Un bijou très précieux que Kim gardait soigneusement caché depuis son acquisition (qui a eu lieu au moment de la sortie de la brûlante autobiographie du prince Harry, Spare) et qu’elle a dégainé au moment où la royauté britannique fait les choux gras de la presse internationale. Hasard du calendrier ? Pas vraiment, selon MJ Corey, “Je soupçonne Kim de s’insérer consciemment dans les cycles médiatiques viraux sur les icônes qui redeviennent tendance en faisant des achats comme ceux-ci. Lorsqu’elle fait ces achats, elle partage des hashtags avec le nom de Marilyn, celui de la princesse Diana, des personnes dont l’histoire emblématique lui permet en quelque sorte de tromper les algorithmes actuels, pourtant difficiles à utiliser”.
Ainsi, comme le souligne le site Money Wise, après qu’elle ait acheté la croix d’Attalah, les recherches Google pour “collier Diana” et “Kim Kardashian Skims” ont drastiquement augmenté aux États-Unis. Les termes “Prince Harry – Kim Kardashian” ont également gagné en popularité, mêlant la femme de 44 ans à la famille royale en une seule apparition sur un tapis rouge, pour faire bénéficier sa propre marque d’une telle association sans avoir l’air d’y toucher. Jackpot.
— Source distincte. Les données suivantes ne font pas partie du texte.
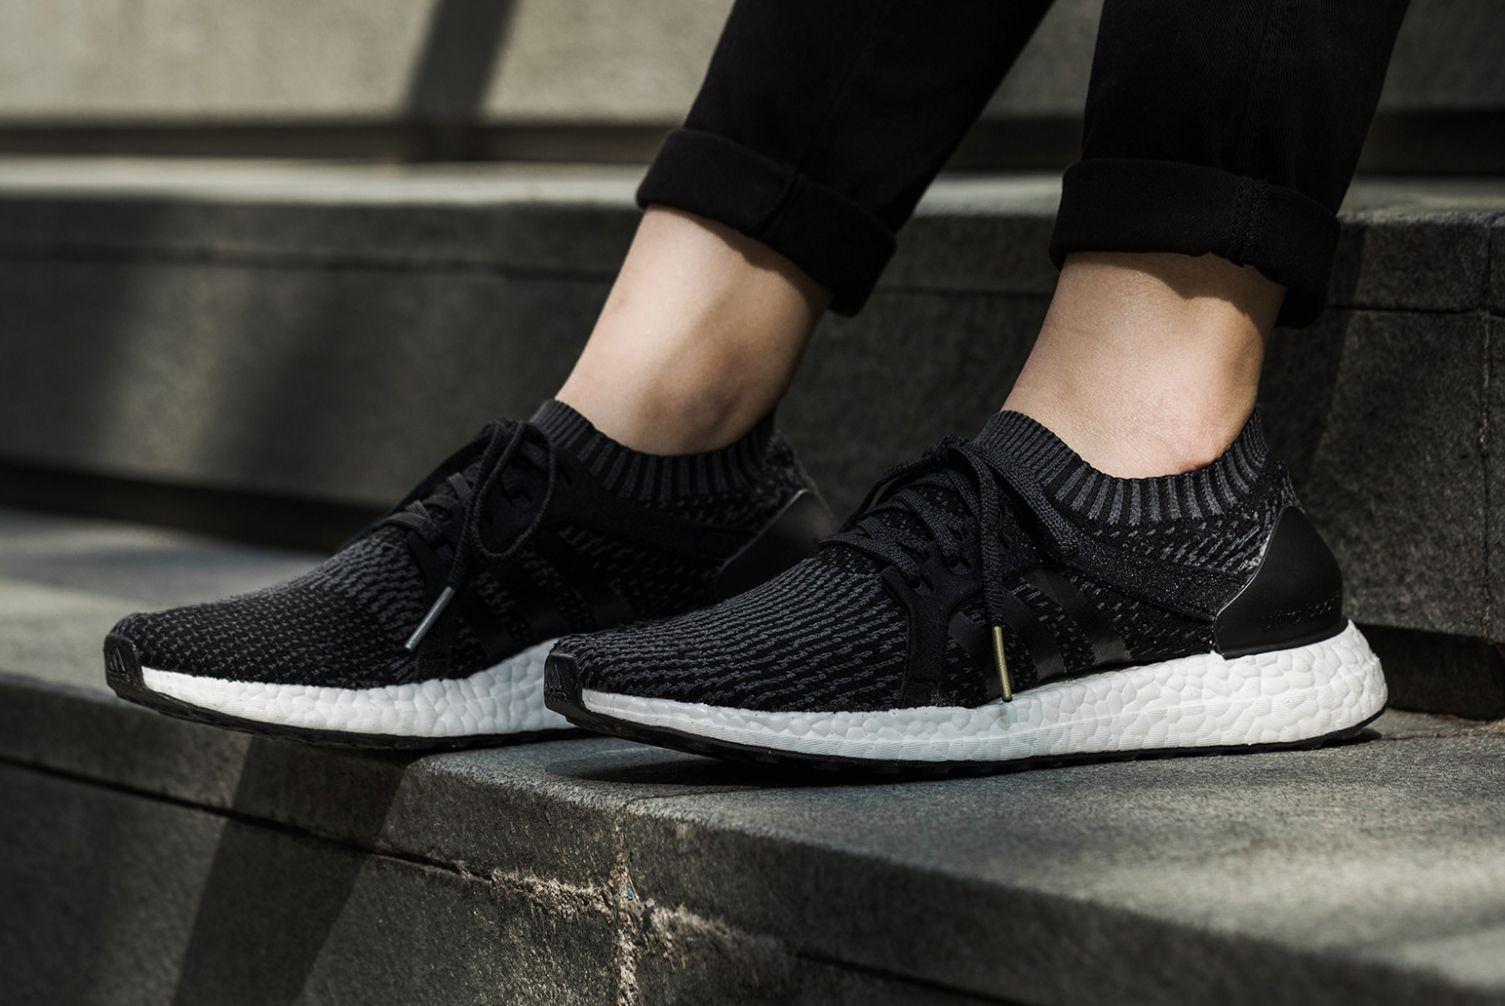 Adidas Ultraboost X Closer Look 6

La filiation par l’achat et construction de la mythologie KK
Ce goût de la filiation, Kim Kardashian l’entretient avec à peu près toutes les icônes de l’histoire et de la pop-culture, notamment américaine. En 2017, la star de la télé-réalité se glissait par exemple dans la peau de Jackie Kennedy à l’occasion d’un photoshoot pour le magazine Interview, à la même époque où son ex-mari, le rappeur Kanye West, annonçait avoir des ambitions politiques. Évidemment, sur le coup, c’est le scandale. Ce qui n’empêchera ni le musicien d’obtenir plus de 60 000 voix lors des élections présidentielles de 2020, ni la mère de North de s’offrir la montre Cartier “Tank” ayant appartenu à Jackie Kennedy pour la somme de 300 000 euros, n’en déplaise à ses détracteurs.
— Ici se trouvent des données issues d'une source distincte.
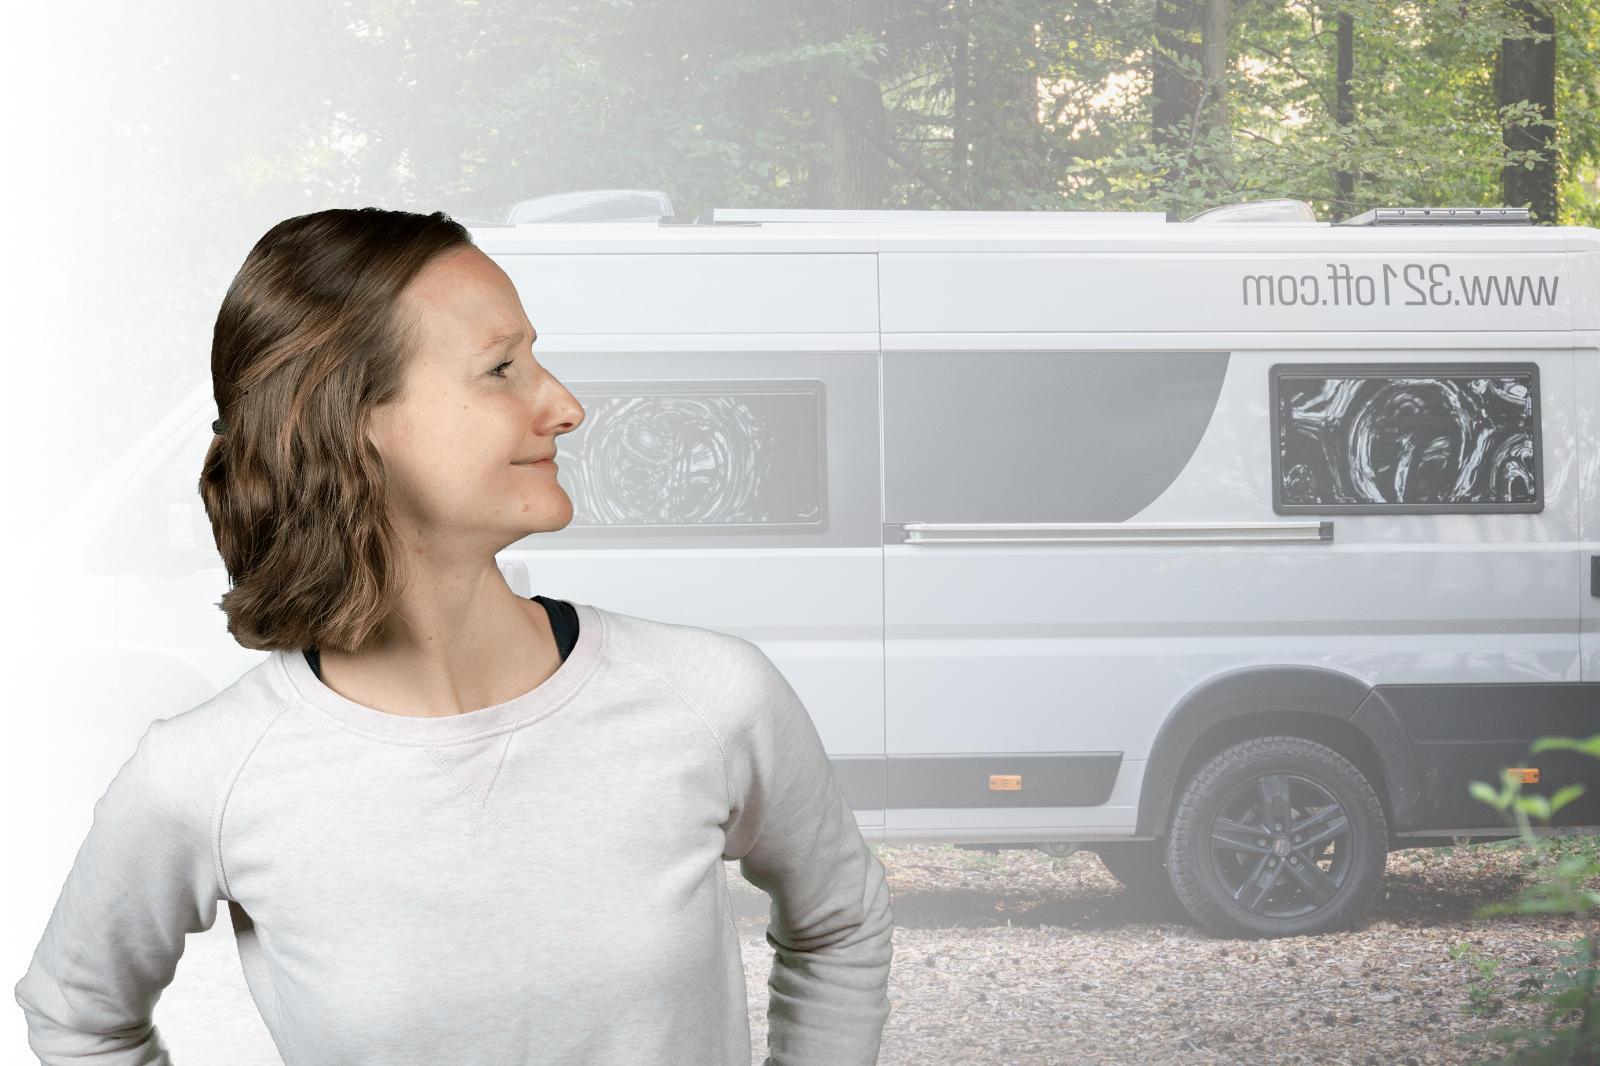 Kfz Steuer Wohnmobil - Erhöhung ab 10? - 10off.com

Car au-delà même de ses affaires, l’acquisition d’objets iconiques par Kim Kardashian permet de l’associer à ceux qui ont fait la pop-culture, et de l’introniser doucement comme reine de cette même histoire populaire. “Des icônes comme la princesse Di, Marilyn, Liz Taylor, Michael Jackson, qui dominaient les médias à une époque plus ancienne, ont toujours une emprise unique sur le public” , rappelle MJ Corey, cette fois-ci pour Dazed. En 2011, elle s’offre ainsi trois bracelets en jade et diamants ayant appartenu à Elizabeth Taylor pour environ 65 000 dollars, l’année du décès de l’actrice. Passionnée par son parcours, Kim a d’ailleurs été la dernière personne à l’interviewer, et a par la suite décidé de produire le documentaire Elizabeth Taylor: Rebel Superstar, diffusé sur la BBC.
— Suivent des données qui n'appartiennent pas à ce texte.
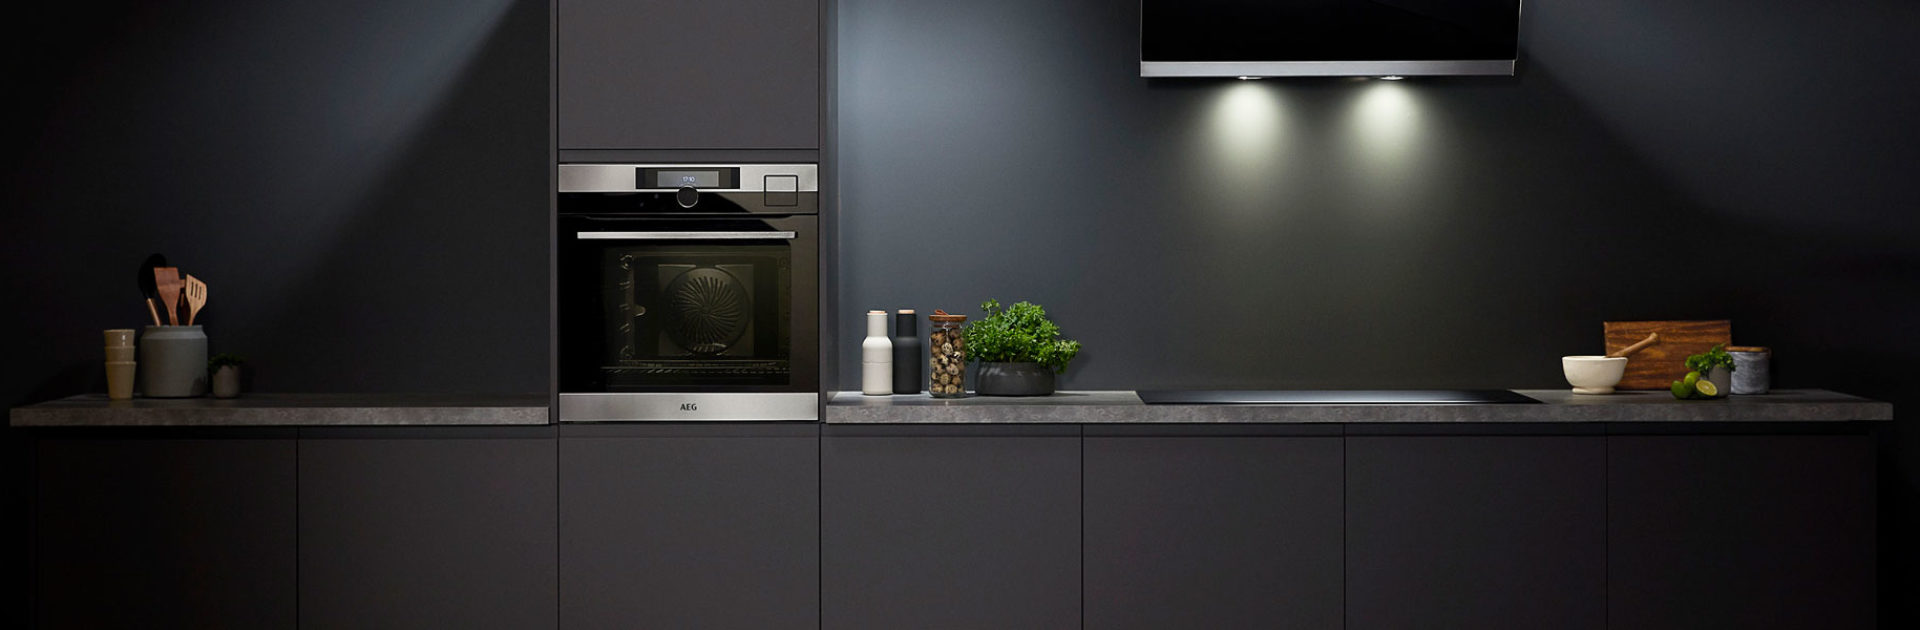 Keuken ontwerpen | KeukenCreator

Une façon de revendiquer ses amitiés, mais aussi de rappeler qu’elle est celle à qui Cléopatre a donné son flambeau de sex-symbole, d’icône, de femme libre et de philantrope. Et, tout en bénéficiant d’un lien de filiation par l’objet, à contribuer à créer sa propre mythologie. “En portant cette robe au Met Gala, Kim Kardashian a changé l’histoire de la robe. Ca sera éternellement la robe de Marilyn Monroe portée par Kim Kardashian”, rappelle ainsi la journaliste Saveria Mendella dans le documentaire Arte Kim Kardashian Theory. Des propos soutenus par le spécialiste de la seconde-main Alexis Novak, qui affirme dans les pages de Nylon que “Kim Kardashian est une personnalité publique qui aura absolument une importance historique (…) Elle a ajouté de la provenance et de la valeur à la robe. Du point de vue des archives, elle aura une double valeur historique.”
S’approprier le passé pour s’assurer un avenir ? Pari réussi pour Kim.